● **Problem**: Repeat the listing word for word. Leave every picture out.

● **Given material**:
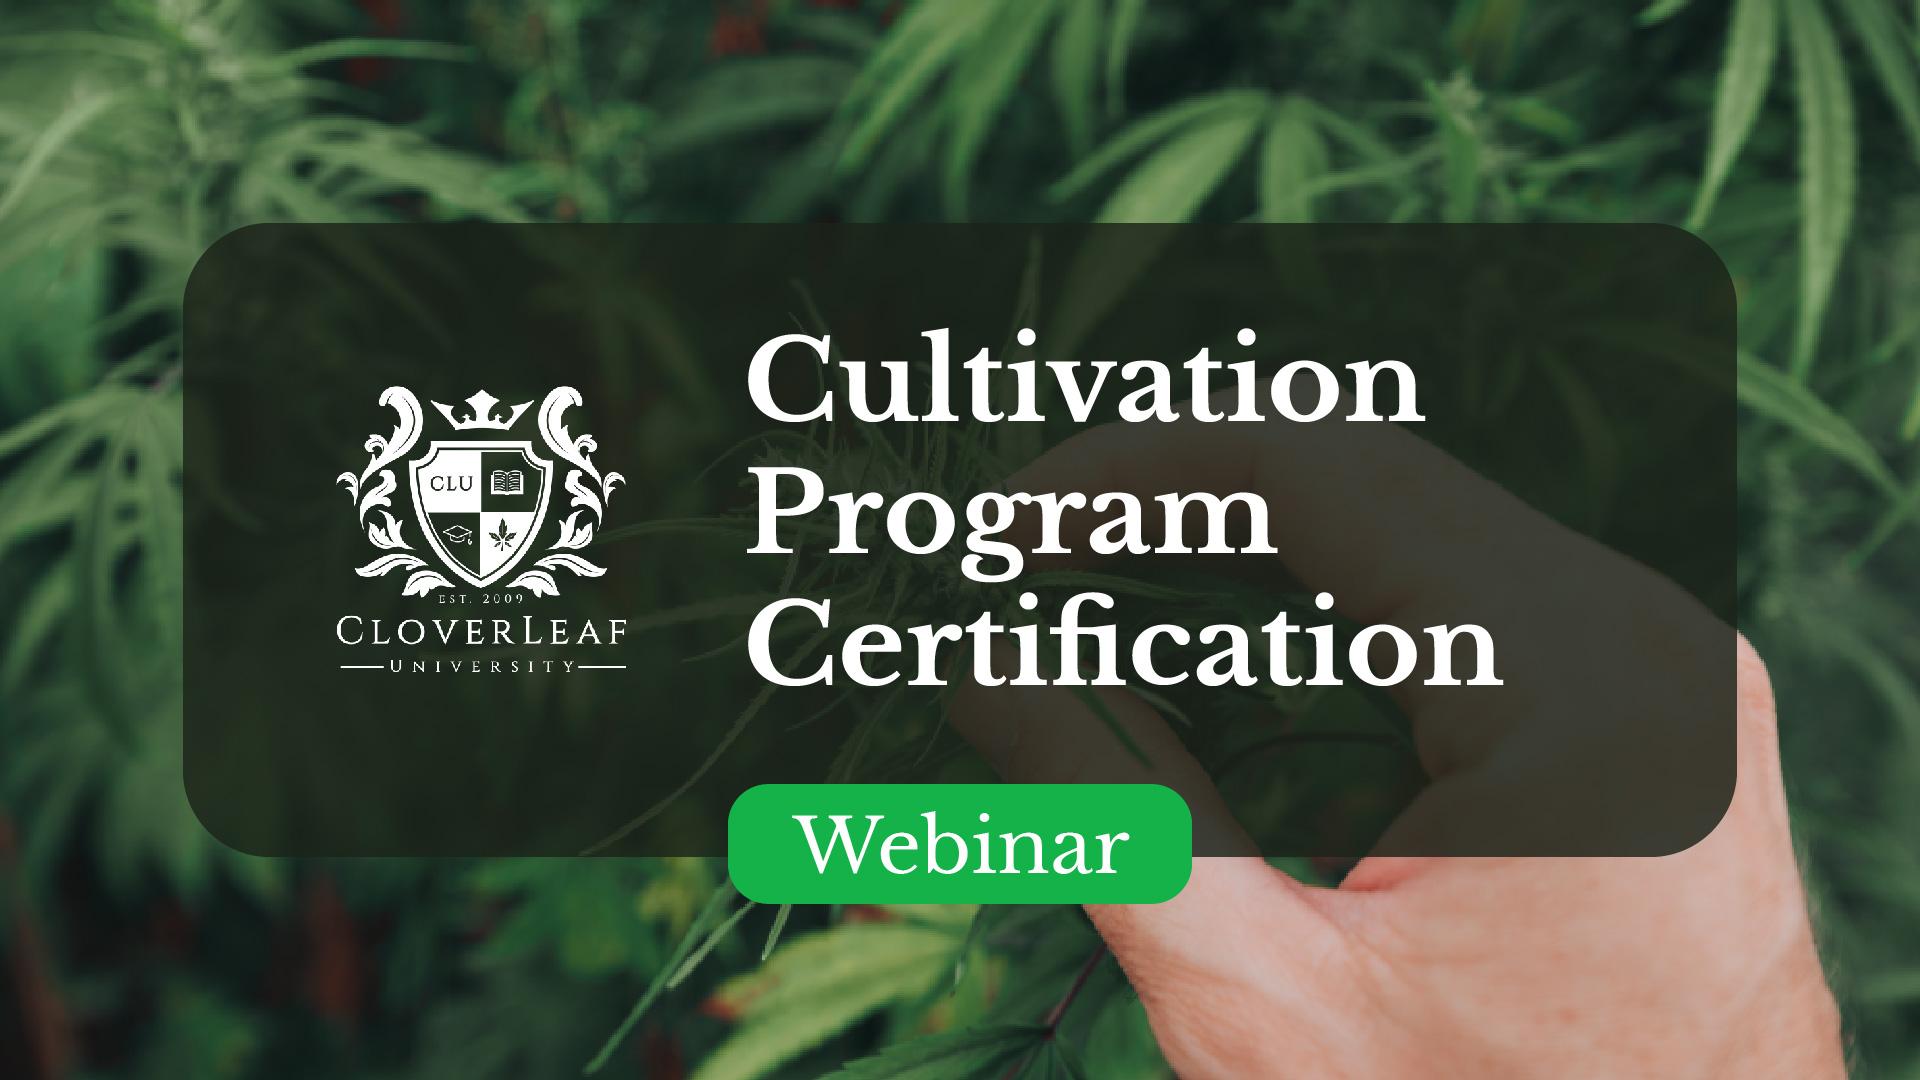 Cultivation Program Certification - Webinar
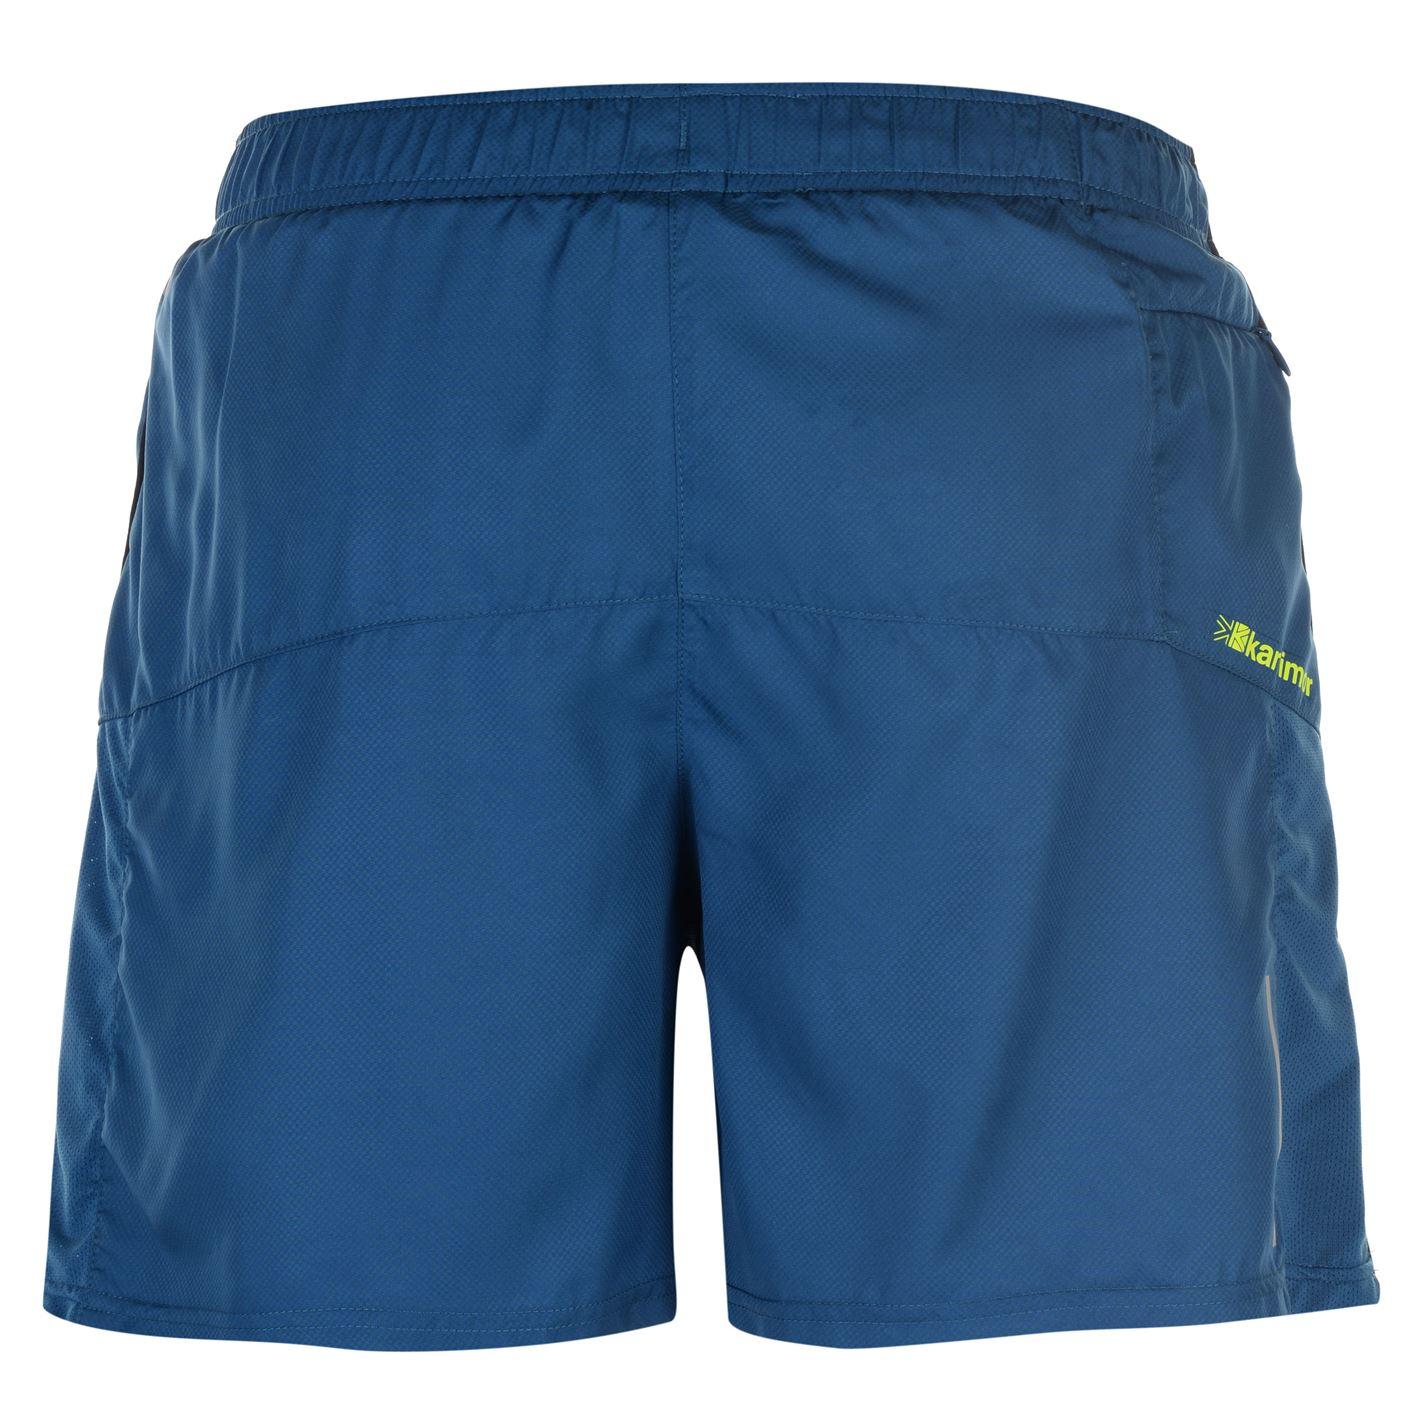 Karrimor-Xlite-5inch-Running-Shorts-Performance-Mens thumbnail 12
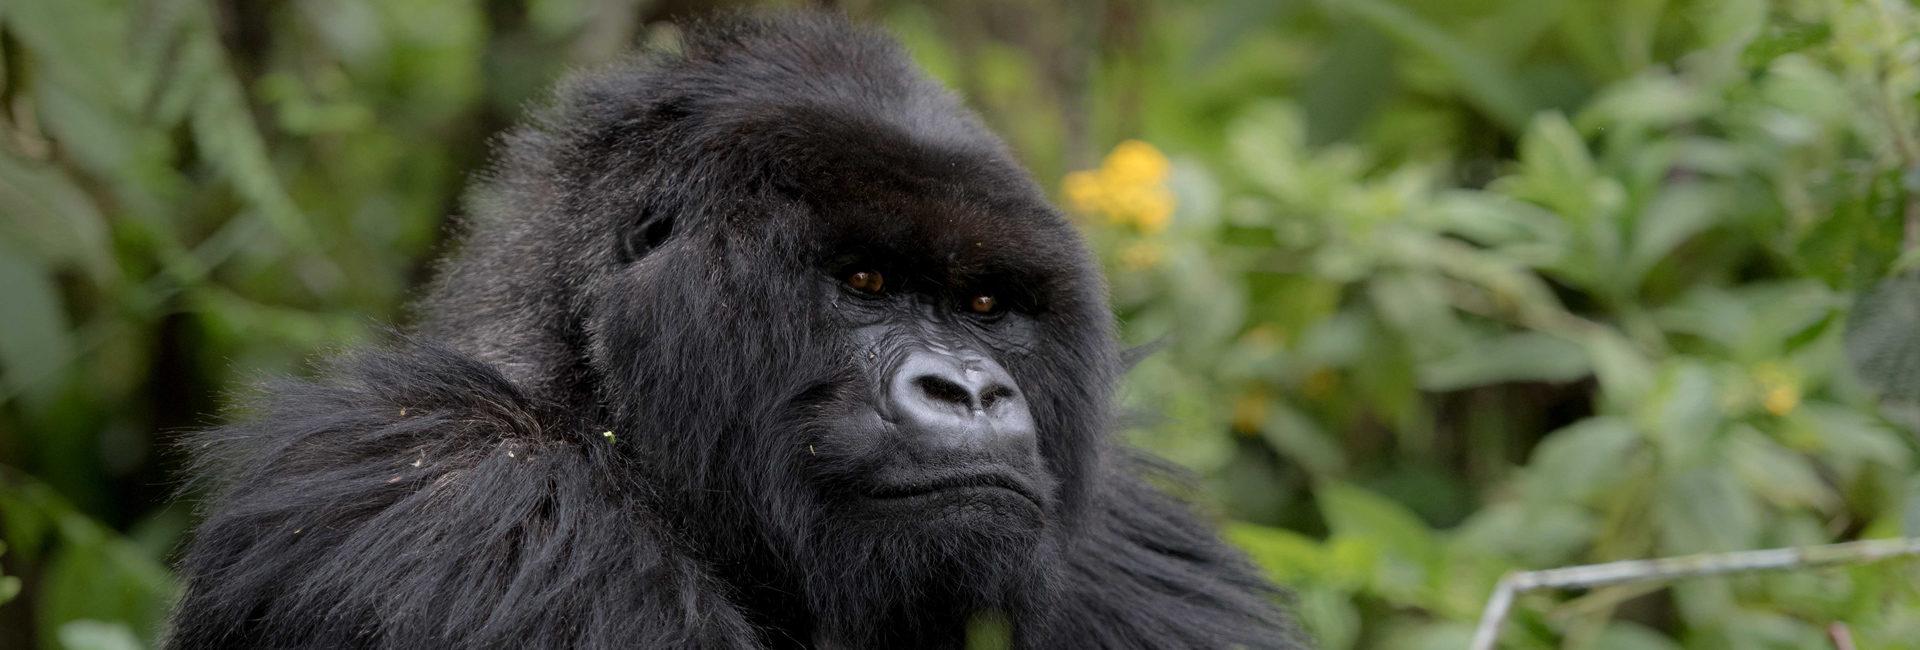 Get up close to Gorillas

● **Solved exercise**:
 Cultivation Program Certification - Webinar
 Karrimor-Xlite-5inch-Running-Shorts-Performance-Mens thumbnail 12
 Get up close to Gorillas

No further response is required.